Le projet de loi Macron est une loi réactionnaire donnant plus de liberté pour les patrons et moins pour les salariés Citons en particulier la réforme des licenciements économiques, du travail du dimanche et de la justice prudhomale. Les salariés perçoivent de plus en plus la nocivité de ce projet de loi et les reculs pour leurs droits. Au lieu de passer en force, le gouvernement ferait mieux d’entendre les salariés.

Des alternatives aux politiques d’austérité existent .

Pour créer des emplois, il faut agir pour une réindustrialisation de notre pays et le développement des services publics, pour une autre répartition des richesses, pour l’augmentation des salaires et des pensions.

Dans le cadre du CICE (Crédit d’Impôt Compétitivité Emploi), la CGT sait que 420 entreprises sur le territoire castelbriantais ont bénéficié de 3,3 millions d’euros. Où SONT LES EMPLOIS CREES ?

La CGT poursuit son processus d’action. Comme il est annoncé une journée

nationale interprofessionnelle, l’Union Locale CGT de Châteaubriant appellera à la mobilisation des salariés avec les organisations syndicales signataires de cet appel.

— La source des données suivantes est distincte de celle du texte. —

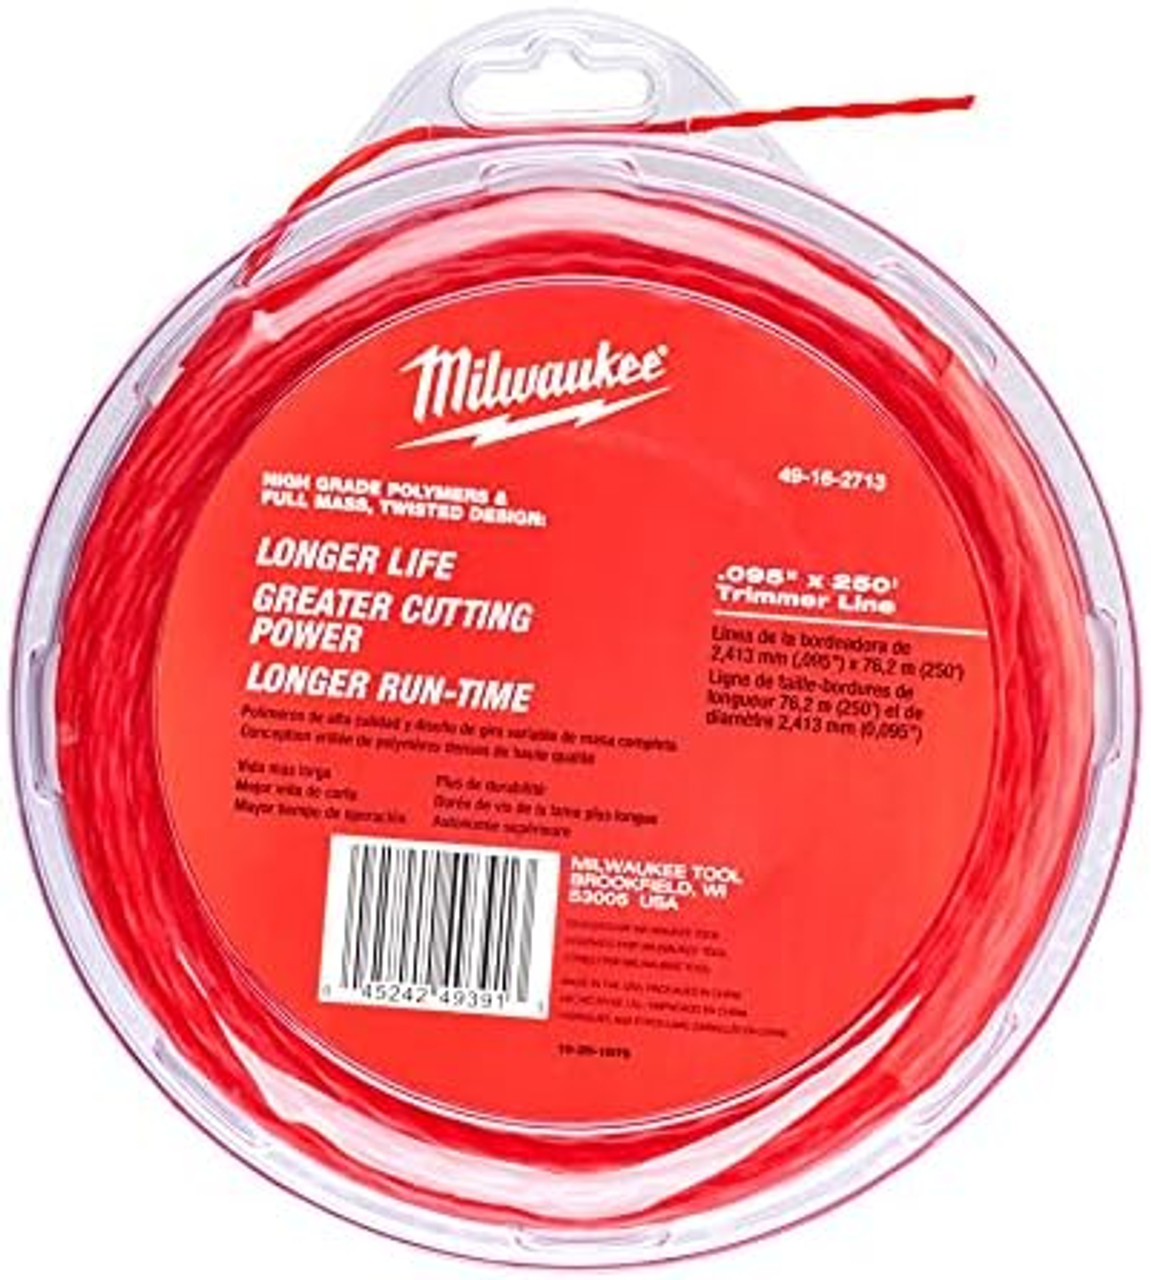 Milwaukee 0.095 in. x 250 ft. Trimmer Line

Le 20 février 2015, pour la commission exécutive, le secrétaire : Guyomarch Régis


NOTES:

(1) [Ndlr] c’est à la suite d’un rapport du député (PS) du Val d’Oise, Dominique Lefebvre, et de l’inspecteur général des finances, François Auvigne, pour qui ce taux réduit de 3,8 % « permettait à des personnes ayant des revenus élevés mais des réductions d’impôt importantes de bénéficier d’un taux de CSG inférieur à celui applicable à des personnes aux revenus plus modestes ».